これは、私たちは何のために俳句を作り続けるのか、という問い掛けにも答えるものでもあります。そして何よりも、普羅の言葉の理解と実践に資するものと思うのです。俳句をしていて良かった、「辛夷」に入っていて良かった、という俳浄土を願うものなのです。

 今、この一千号を謹んで泉下の普羅先生、中島杏子先生、福永鳴風先生、社賓同人であられた棟方志功先生、長年編集長を務められた中川岩魚先生、そして多くの同人誌友に捧げます。と同時に、私たちをお守り下さいますよう切にお願い申し上げまして創刊一千号を迎えたご挨拶といたします。合掌。

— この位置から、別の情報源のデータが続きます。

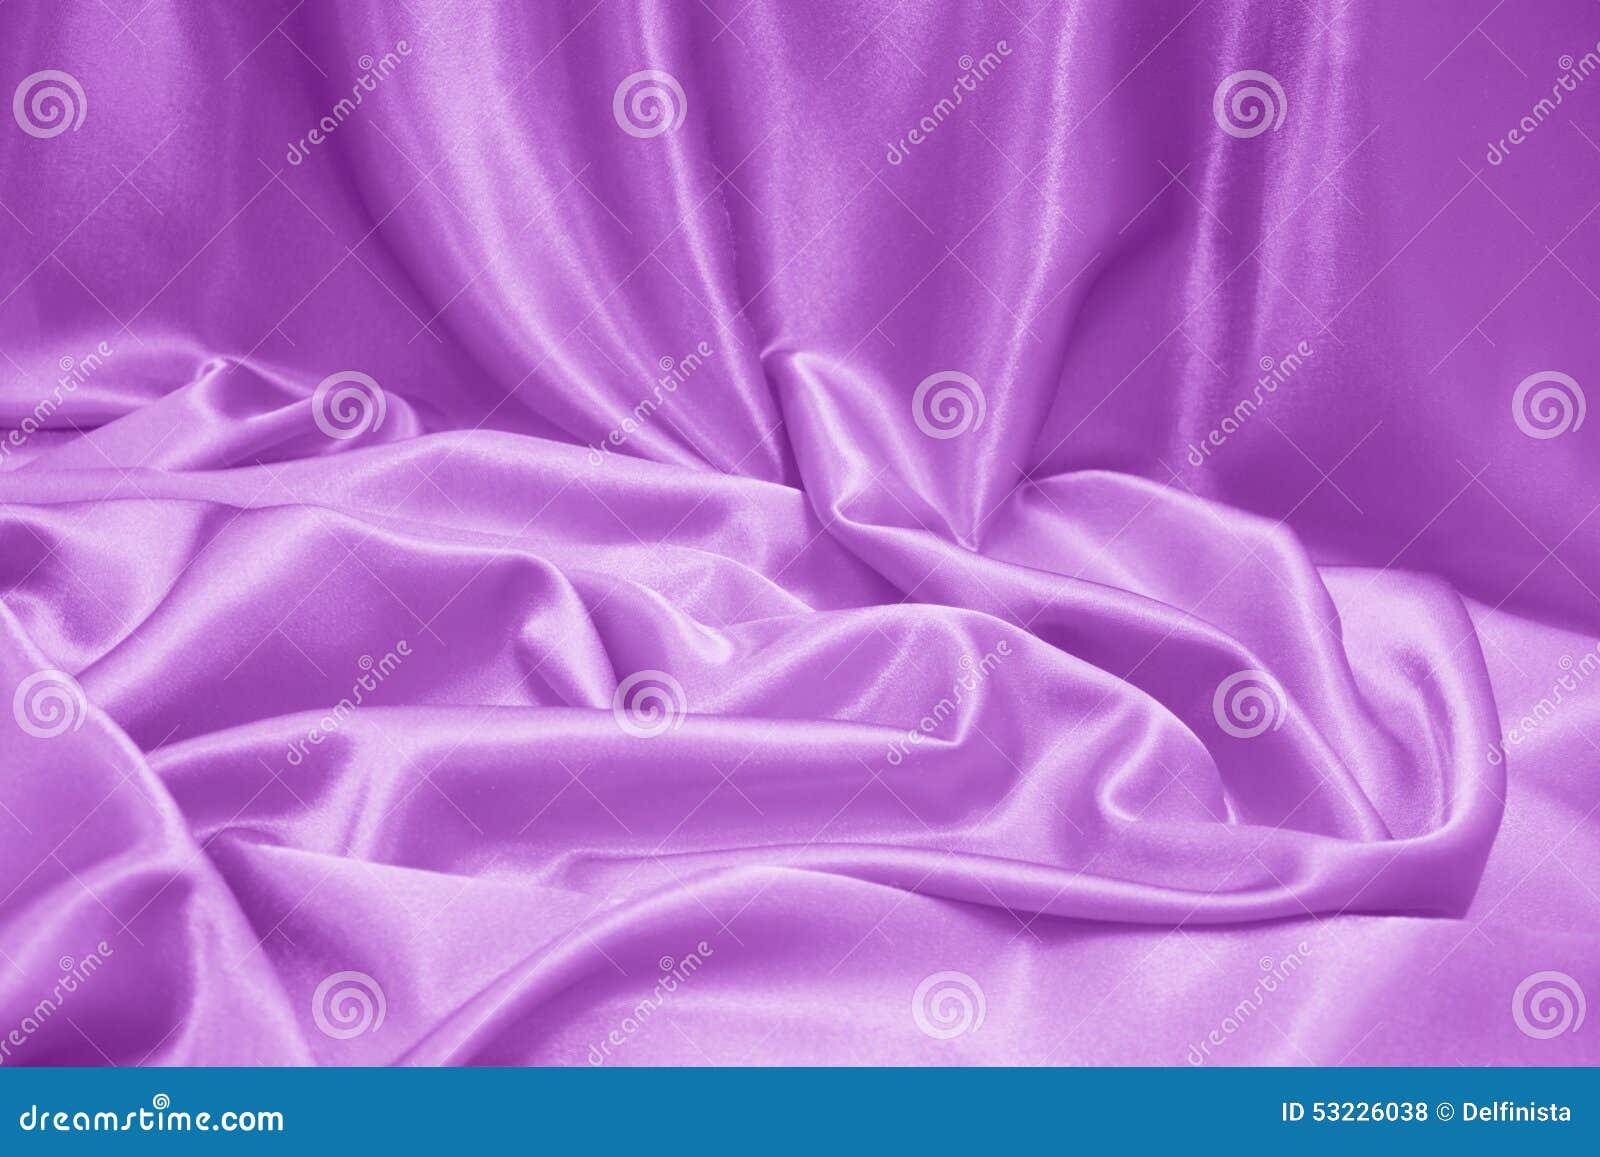 Fondo púrpura del satén - fotos comunes
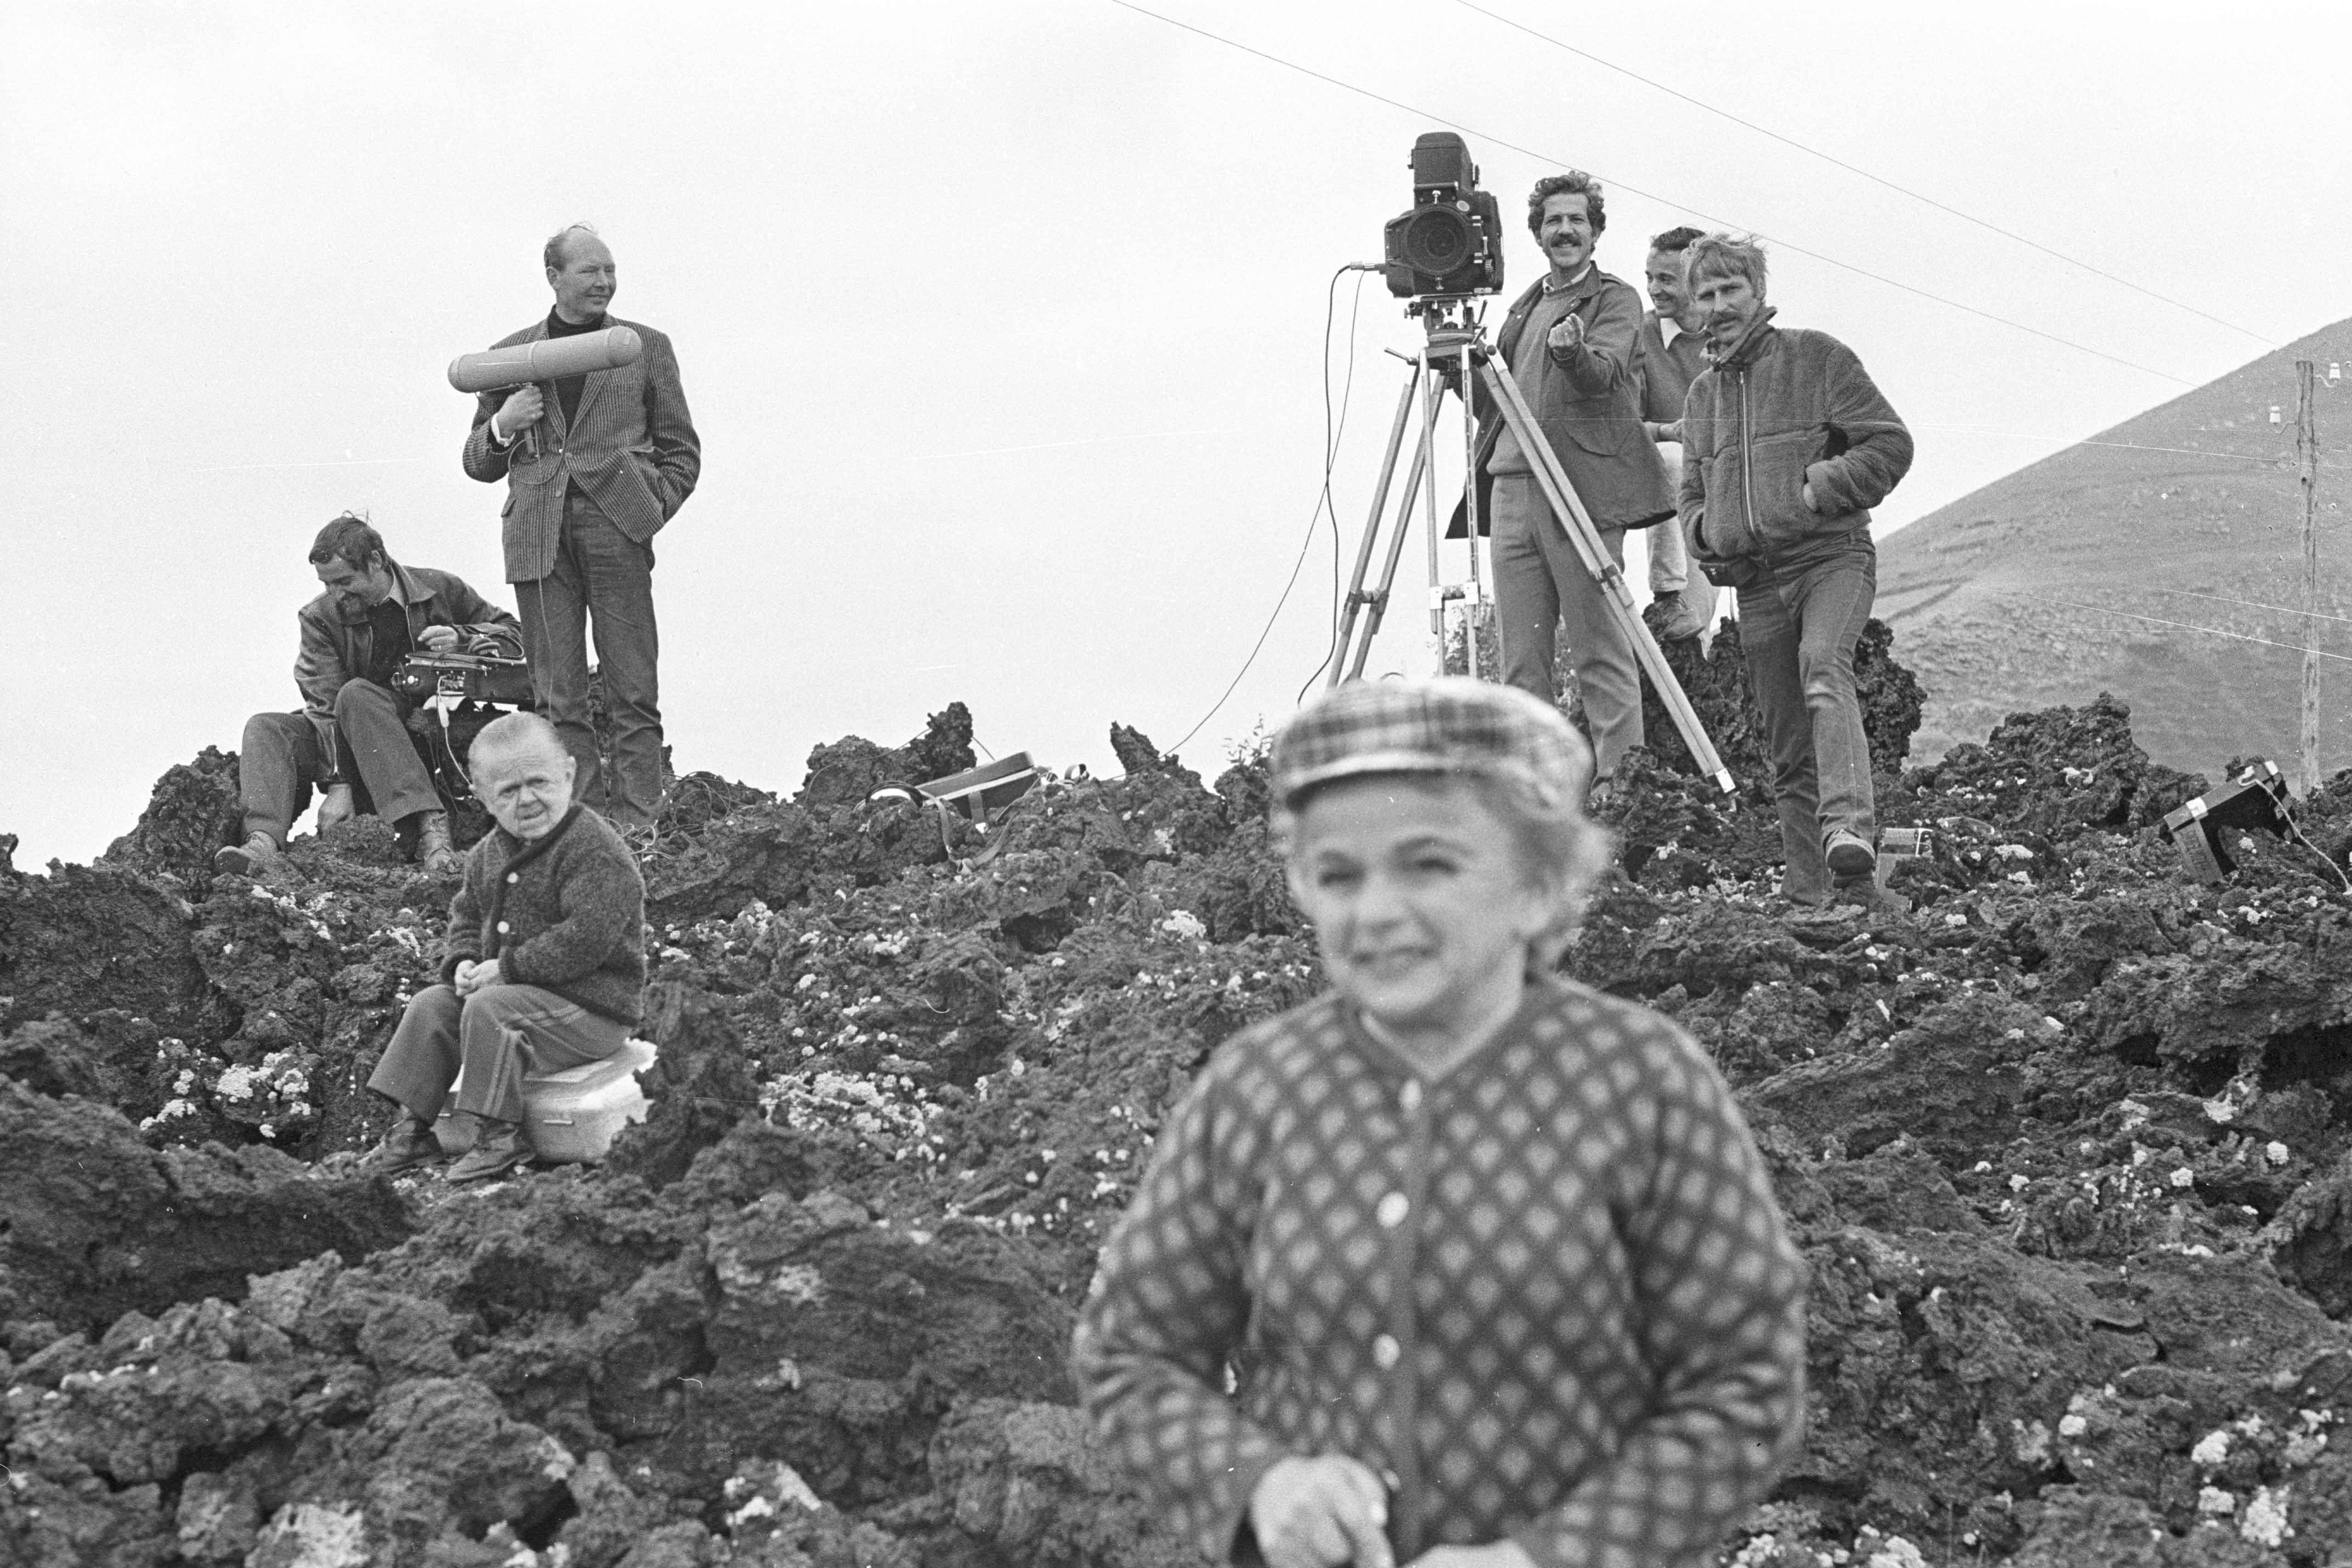 Behind the scenes of the film Auch Zwerge haben klein angefangen

   平成二十二年一月六日   辛夷社  主宰 中坪 達哉  

2015年(平成27年)皇太子殿下(今上陛下)、国連本部で普羅の句を紹介

 2015年11月18日のニューヨーク国連本部で行われた「第2回国連水と災害に関する特別会合における皇太子殿下基調講演」で、徳仁皇太子殿下(今上陛下)は、「人と水とのより良い関わりが構築されることを期待しています」とご講演を締めくくられた際に、前田普羅の句を紹介なさいました。

(宮内庁HPより引用)

 終わりに,私の好きな前田普羅による俳句を読んで,この講演を締めくくりたいと思います。

 「立山の かぶさる町や 水を打つ」

 立山が覆い被さるようにそびえる富山の町で,人々が夏の暑さをやわらげるために通りに水を打ち,涼をとっている情景が目に浮かびます。山から流れ出る水は飲み水として,あるいは農業のために私たちに多くの恵みをもたらします。しかし,水は時に不足したり多すぎたりし、人々に大きなダメージを与えます。この句にあるように,人々がどこでも水とともに平和にゆったりと過ごせる世界を実現できるよう,私も今後とも取り組んでいきたいと思います。

ありがとうございました。

<英文>

I would like to conclude my lecture by reciting my favorite Haiku by Fura Maeda..

Overlaying the quarter

Is Mt. Tateyama in the background

There, water is sprinkled

To cool the streets

The poem reminds me of a town of Toyama where majestic Mt. Tateyama stands in the background, overlaying the town. People sprinkle water to enjoy cooled streets in the summer. Water benefits us in many ways. Mountain streams are turned into water for drinking and agriculture. Shortage or excess of water, on the other hand, has a negative impact on people and their lives. I will continue my efforts to bring about a world where people can live peacefully and happily as depicted in this poem.

Thank you.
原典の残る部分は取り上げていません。